Note that while git is free and can be used on a variety of operating systems, there are many 3rd party softwares that use git directly, or are heavily dependent on git. For example, GitHub is a company that provide cloud-based servers for hosting git repositories, as well as additional features like user groups, discussion channels, and even hosting of websites. Furthermore, GitHub provides a free software that is very useful: GitHub Desktop! This software allows you to interact in a nice graphical interface with the version control of your files.
Main concepts and terminology#
Here we present a list of the terminology we may use when referring to version control systems (VCS). Bear in mind that the list below is not exhaustive, and more terms may show up.
Repository: storage, where VCS (git, in our case) store their history of changes and information about who made them.
Remote repository: a version control repository stored somewhere else and the changes between the two are usually synchronized. We will refer to the GitHub repository as the origin, which could be one of multiple remotes.
Commit: Snapshot of the current state of the project. If a commit contains changes to multiple files, all the changes are recorded together.
Cloning: copying (downloading) an existing project on your laptop including the full history and link with the remote repository. Usually, it is done only during the first time of getting the remote repository.
Pushing: uploading new commits (changes) to the remote repository.
Fetching: checking for new changes on the remote repository with respect to your cloned repository.
Pulling: retrieving new commits from the remote repository.
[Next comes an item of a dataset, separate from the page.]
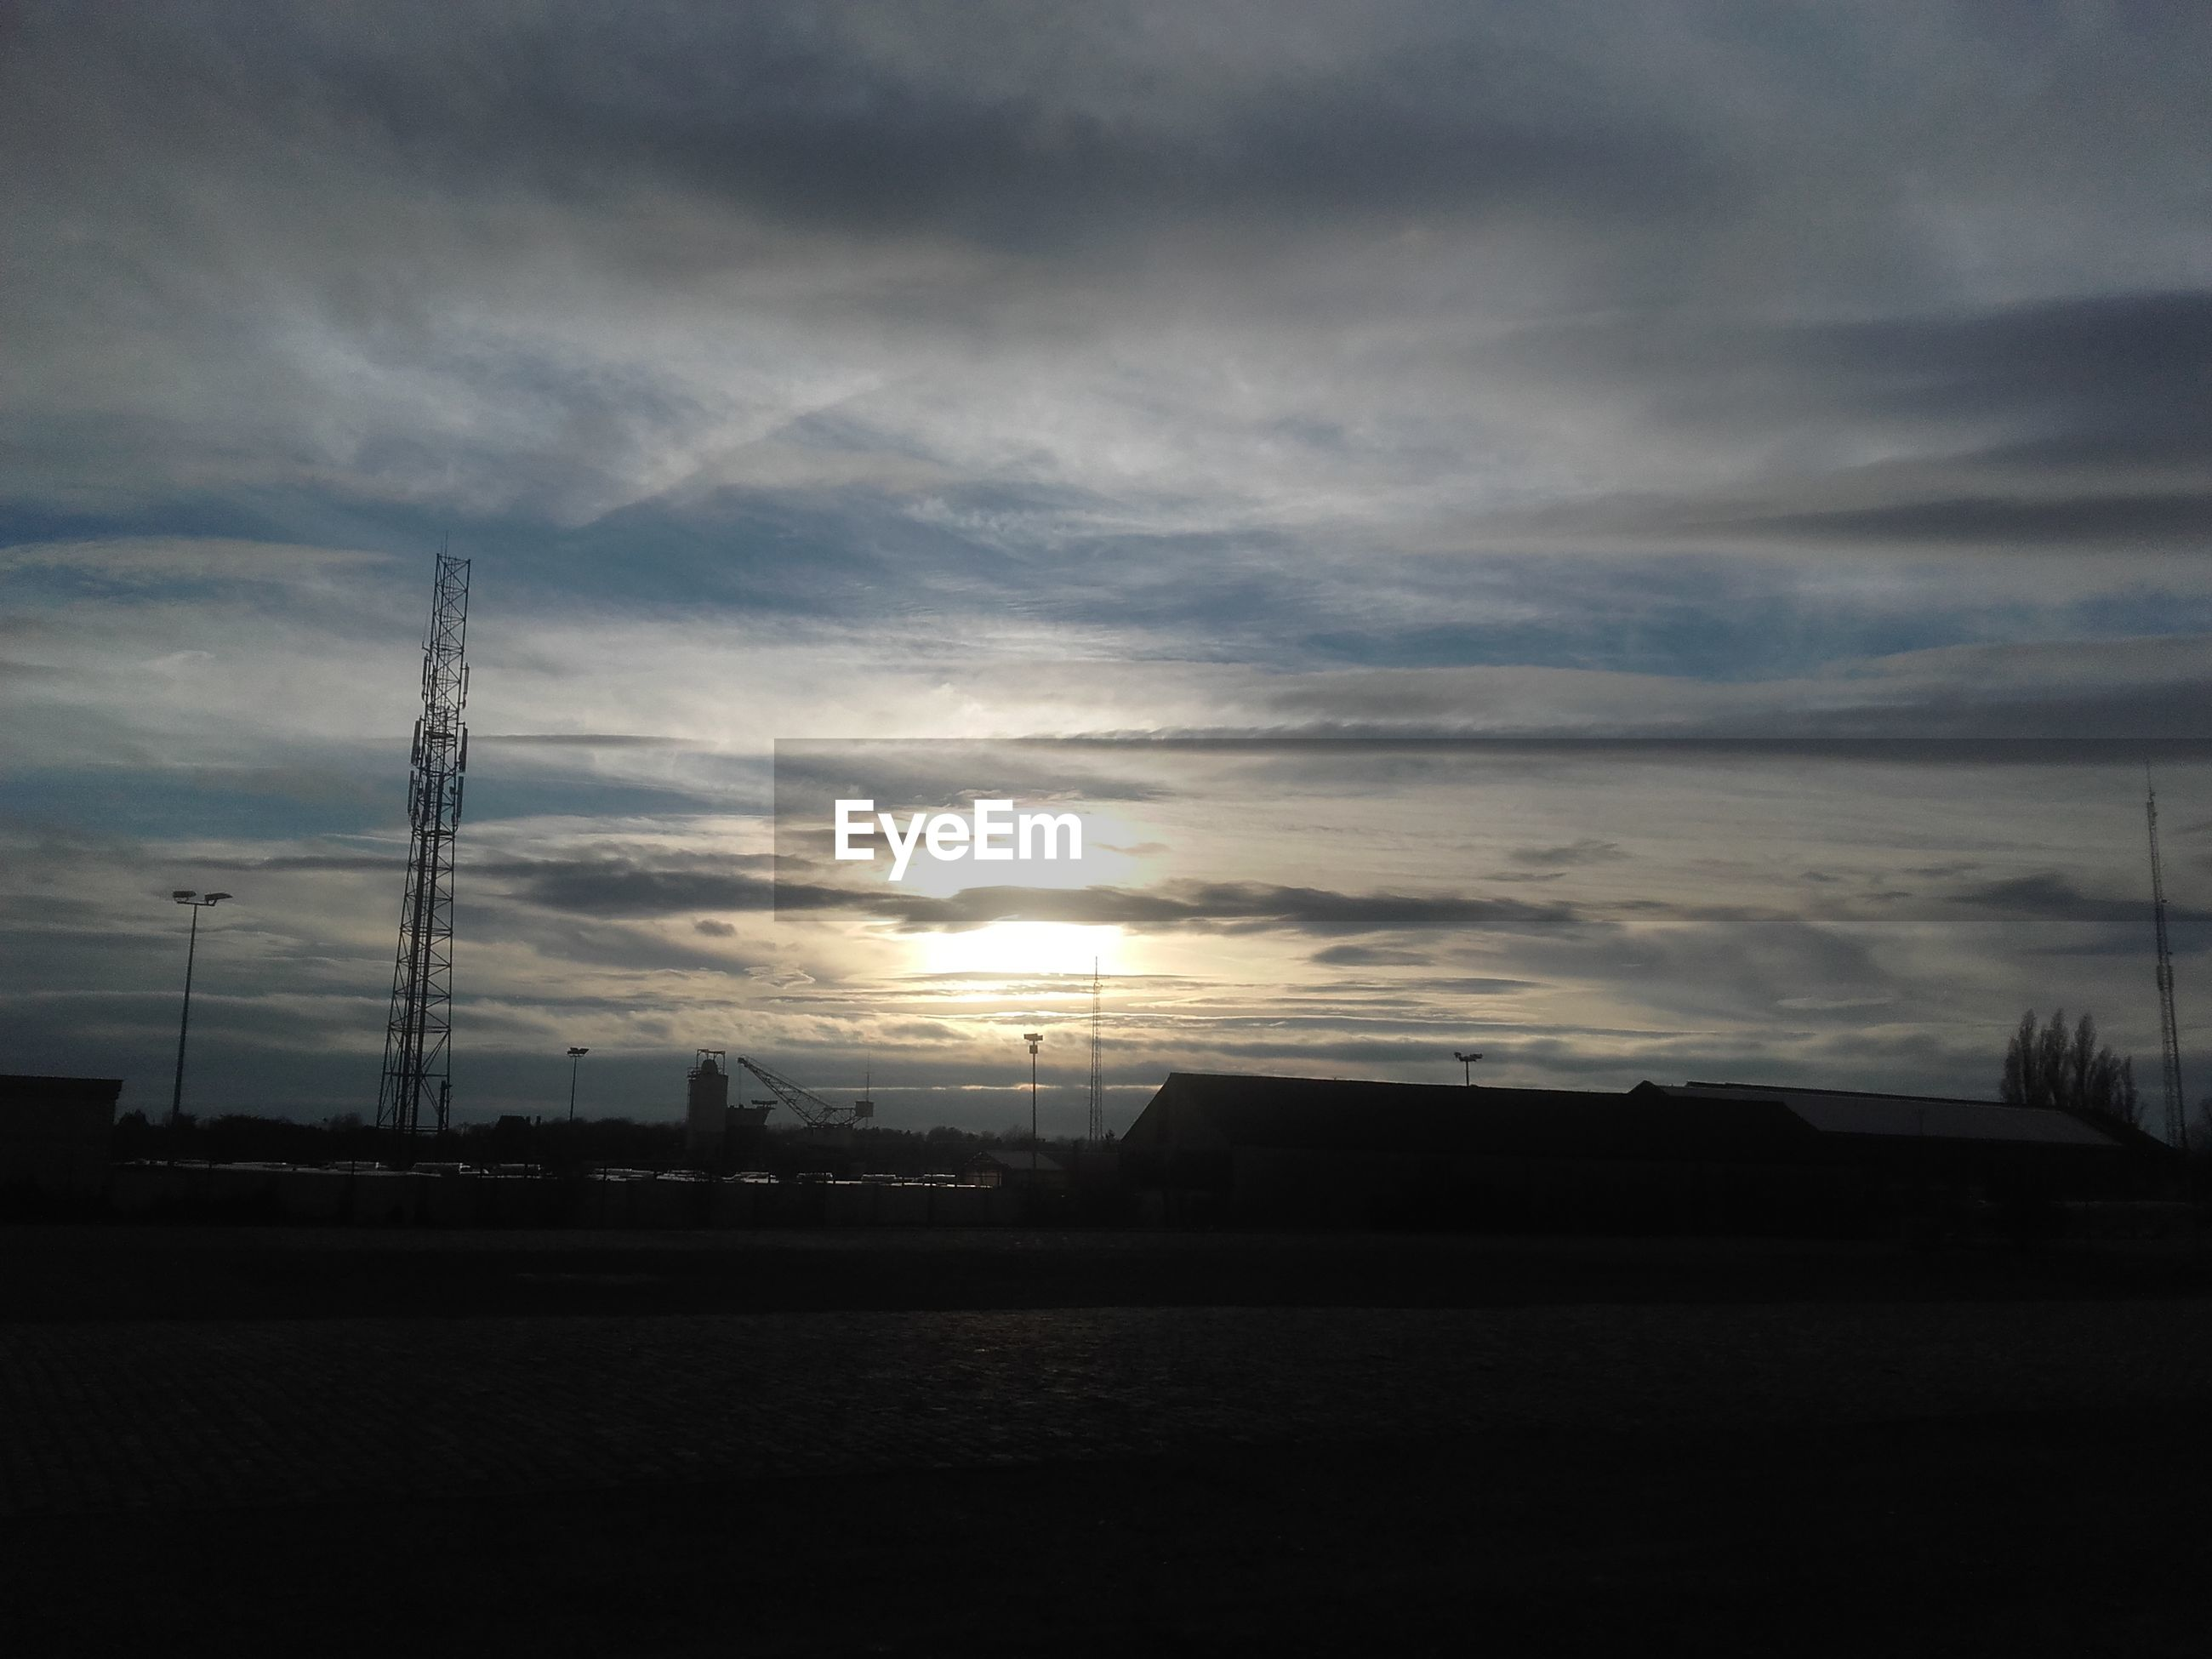 sunset, silhouette, sky, electricity pylon, cloud - sky, built structure, power line, architecture, building exterior, sun, connection, electricity, street light, cloud, orange color, cloudy, nature, sunlight, outdoors, dark

To prevent issues, always fetch and pull from the remote repository before starting a work session on your computer.
Conflict: when changes made by multiple users to the same file are incompatible, you can get into a conflict. Helping users resolve those conflicts is one of the key advantages of VCS.
Branch: development (time) line. The main development line is often called
main
.Merge: combining the commits of two branches, for example, changes on a development branch are merged into the
main
branch.Fork: a separate version of someone else’s repository on your own GitHub account. You could see this as a branch you own yourself instead of the original owner of the repository. The original repository is generally called upstream, which could be added as an additional remote to a local repository.
Pull request: proposal on github to merge a branch or fork into another one. This proposal provides a space for feedback.